Dad went for tacos and didn’t come back.

“Don’t worry,” says Janelle, “the albatross has been known to fly thousands of miles round trip in order to bring back food for their young.”

“He was just going to Johnny’s down on the Avenue,” says Little Ray. “I could ride my bike there.”

Janelle looks smart in her cat glasses which is why she has no boyfriend. She’s reading a library book on animal facts and hasn’t noticed they’ve watched Adam-12, Kung Fu, and Barnaby Jones since Dad left and still no tacos.

Little Ray pours himself a bowl of Quisp and pulls out the carton of milk almost empty. Splashes what’s left over the cereal but it’s not enough to float the flakes.

“Did you know,” says Janelle slumped in the vinyl recliner next to the lamp, words on the page reflected in her thick lenses, “Albatrosses can sleep while they fly and only need to land once every few years to breed.”

“Gross,” says Little Ray. “So we’re out of milk and Dad’s not coming back for two years. And you know, Janelle, nobody likes a smarty pants which is why you have no friends.”

She doesn’t hear him, her nose in the book. It’s dark outside. Lights are on in the other apartments. The Grinnells are eating spaghetti at their dining room table. Across the courtyard on the other side of the pool with no water, Pom Pom’s smoking over a TV dinner as she watches a nine-inch Magnavox on the kitchen counter.

Little Ray heads for the front door.

“Albatrosses can drink sea water you know.”

“I guarantee you, that’s not what Dad’s drinking at Jack’s Pool Hall.” Little Ray glances back at the Kentucky Fried Chicken bucket taped to the wall over the velvet bull-fighting painting from TJ. He’d cut out the bottom of the bucket and used a ball of rolled-up socks to practice bank shots and slam dunks.
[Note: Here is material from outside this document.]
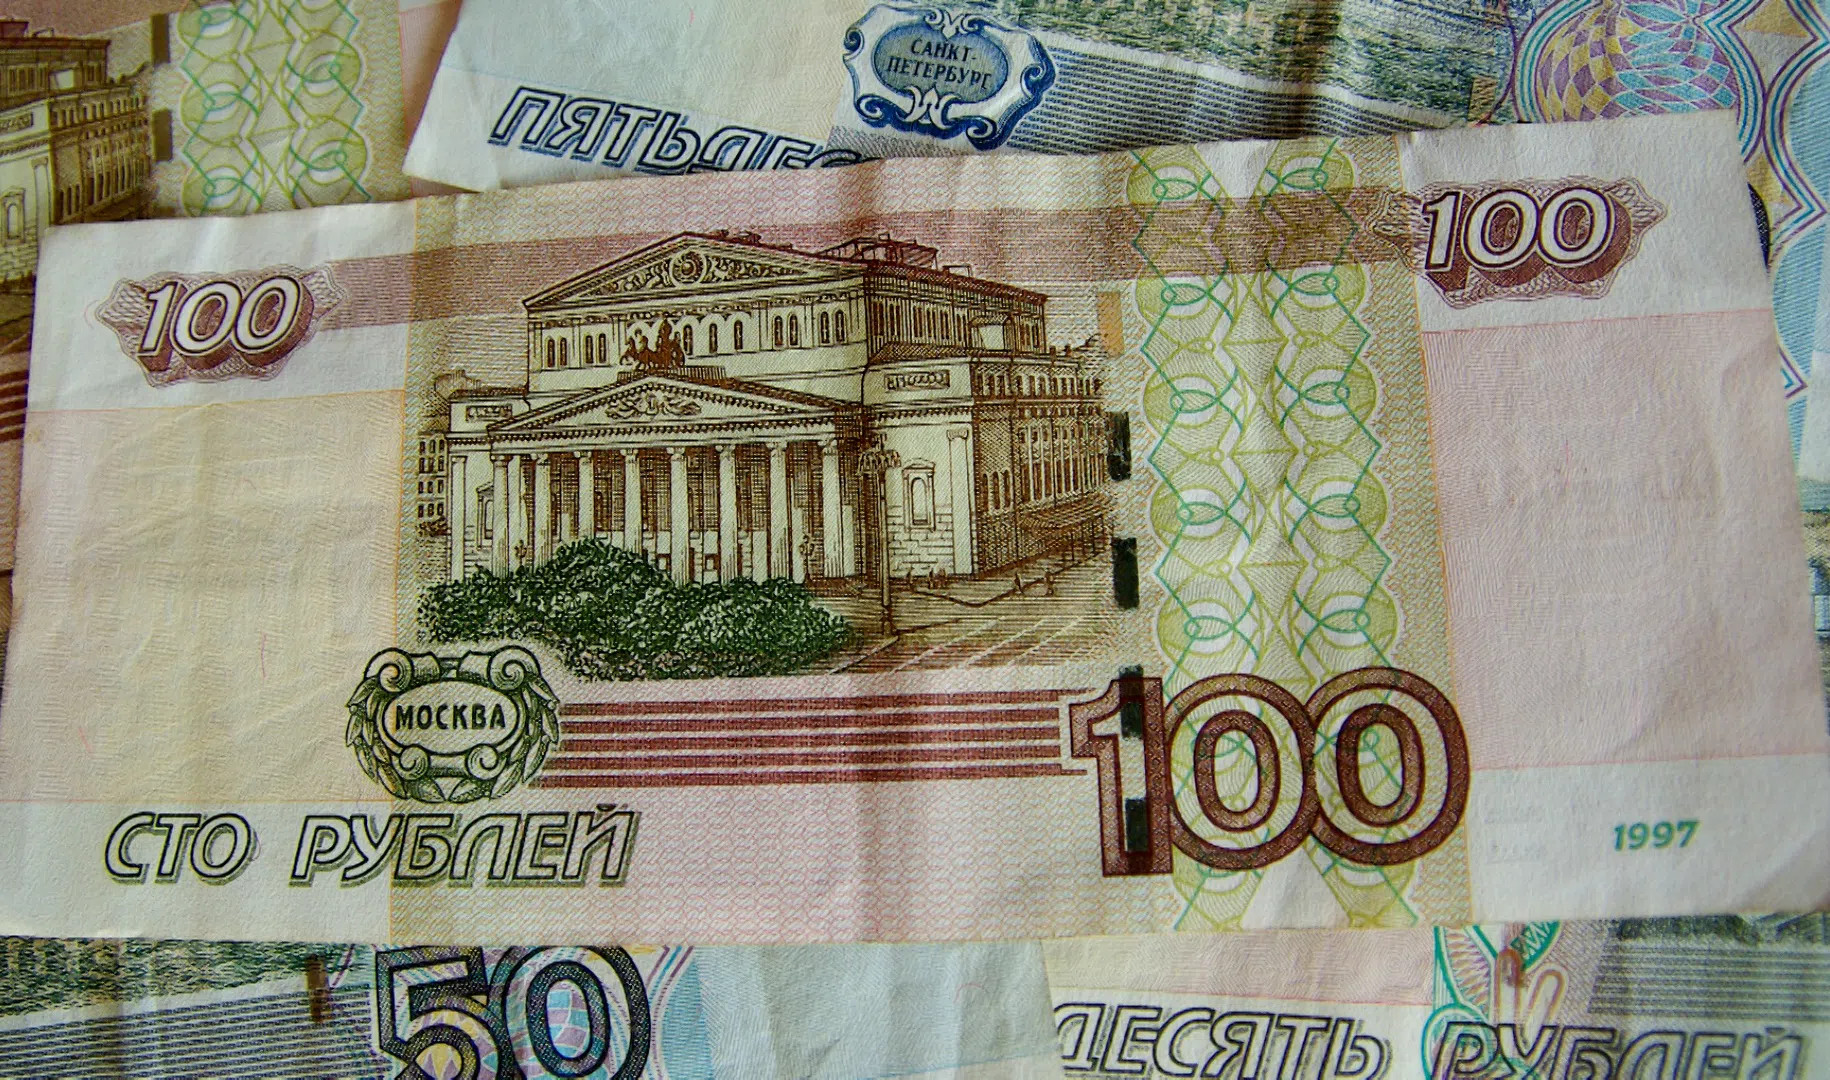 100-рублевая банкнота изменит дизайн

Janelle’s skinny legs stick out from under an army blanket where she’s reading. Family Affair is playing on TV but that dad’s not real and Little Ray isn’t sticking around for that stupid show. He slaps the top of the door jamb, which he can touch now without jumping, and opens the door.

“It’s not true,” says Janelle.

“What? Of course he’s drinking. Probably running the table at Jack’s for free beer.”
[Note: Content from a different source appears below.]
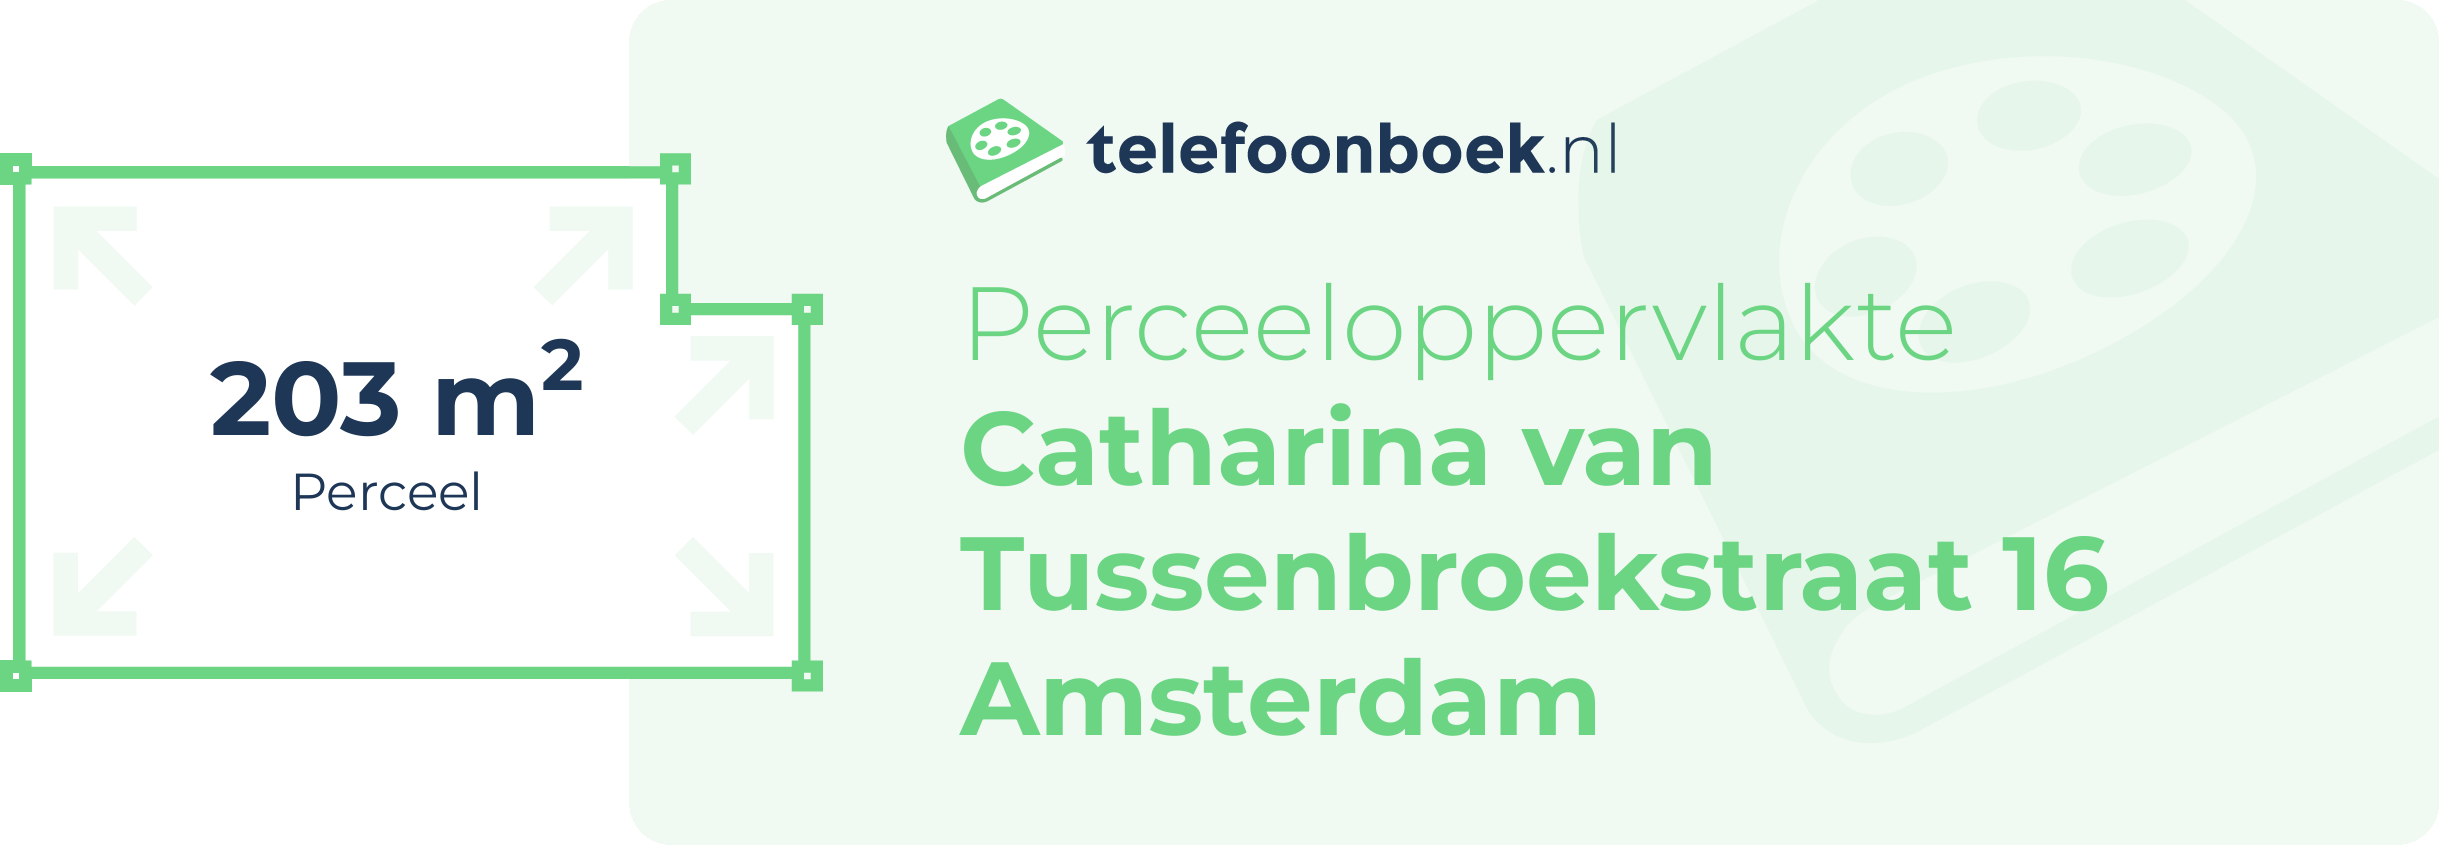 Perceeloppervlakte Catharina Van Tussenbroekstraat 16 Amsterdam

“No. The part about me not having friends.”

Little Ray looks at his sister. He’s mean but not cruel. Doesn’t have the stomach to argue.

She waves her hand at the teetering pile of library books on the table. “These are my friends,” she says.

Little Ray nods. “Of course they are. Lock the door behind me. I’ll get our food.”

He unchains his Sting-Ray from the wrought iron railing on the porch and rides down the hill in the dark leaving the Kalorama Apartments behind. Night air chills his face and cuts right through his t-shirt. Fuck it. Car lights blind him so he rides on the sidewalk, past the Anderson’s family wagon in the driveway on the corner. Everyone so normal but them. Little Ray wheelies off the curb, landing on his back wheel, and thinks maybe he’ll never go back. He’ll roam the streets for years the way an albatross roams the sea. He’ll ride far away from the meanness, the shitty cereal dinners with no milk, fucking Adam-12...but he can’t leave Janelle to starve with her friends. She may never get out of that chair waiting for their old man who’s playing pool for beer while their tacos get cold.... There are no tacos. Some dad.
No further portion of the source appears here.